Les Vogt for the Horsetrader - September 1st, 2016 - More with Les, Training

More With Les graphicLast issue, Les wrapped up Exercises 3 and 4. As we move into more athletic maneuvers, we examine a critical piece: collection.

Objectives
• To concentrate on driving your horse from the back with your legs, in order to create a soft, round frame
• To continue to integrate the concept of 50 percent hands/50 percent legs into your riding
• To learn how to handle a tough or belligerent horse
• To learn about the elevator bit and how it can help you in your training program

Things to Concentrate on
• Developing a conditioned response of using your hands and legs together to soften any resistance
• Learning to feel when the horse actually starts reaching further underneath himself in response to your legs
• Start to condition yourself to reinforce collection with your legs first, then your hands
• Maintaining the correct vertical flexion in all your work and exercises

A horse can’t give you really athletic maneuvers if he isn’t collected.
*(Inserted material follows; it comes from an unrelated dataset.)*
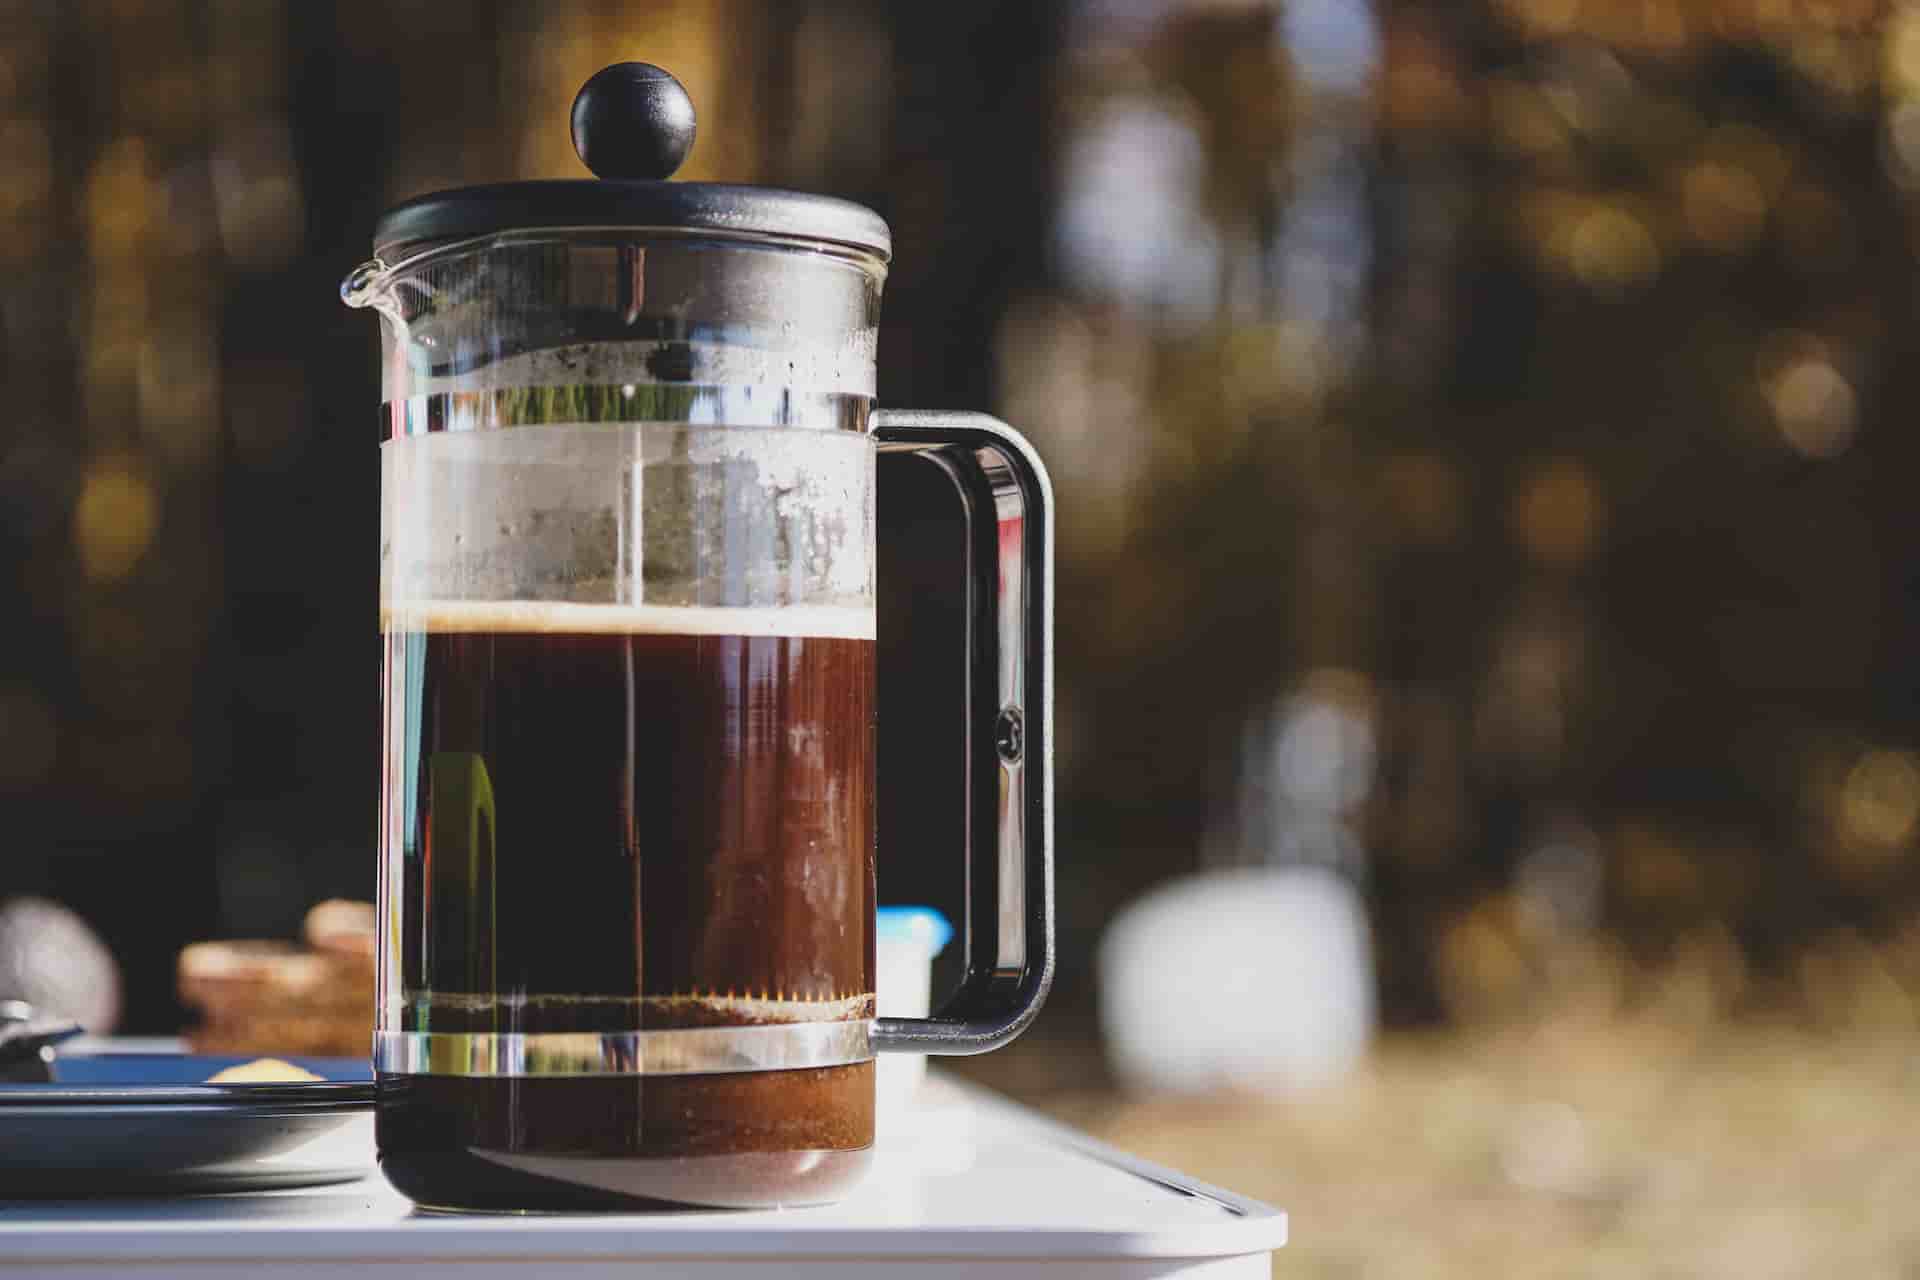 Best Camping French Press

First, collection’s emphasis on carrying the weight on the hindquarters puts the horse in a posture that allows him to maximize his power in all his maneuvers by loading the weight to the hindquarters, allowing him to move his front end more athletically and with less effort. Second, a collected frame is one that’s ready for anything. Think of a football player ready for a play to begin— poised, coiled and ready to go any direction. A collected horse is the same way—with his weight on his hindquarters, he is spring-loaded and ready to unload into your next cue.

With reining and cow horses, our goal is to eventually teach the horse to maintain this collected frame on his own, without him depending on us to enforce it or remind him. So while we’ll spend a lot of time on it during the next few months, our goal is to encourage the horse more and more to take responsibility for keeping himself in this collected frame that stays pre-loaded behind. Then we can move more confidently into the next levels of difficulty in our maneuvers and starting to work on cattle.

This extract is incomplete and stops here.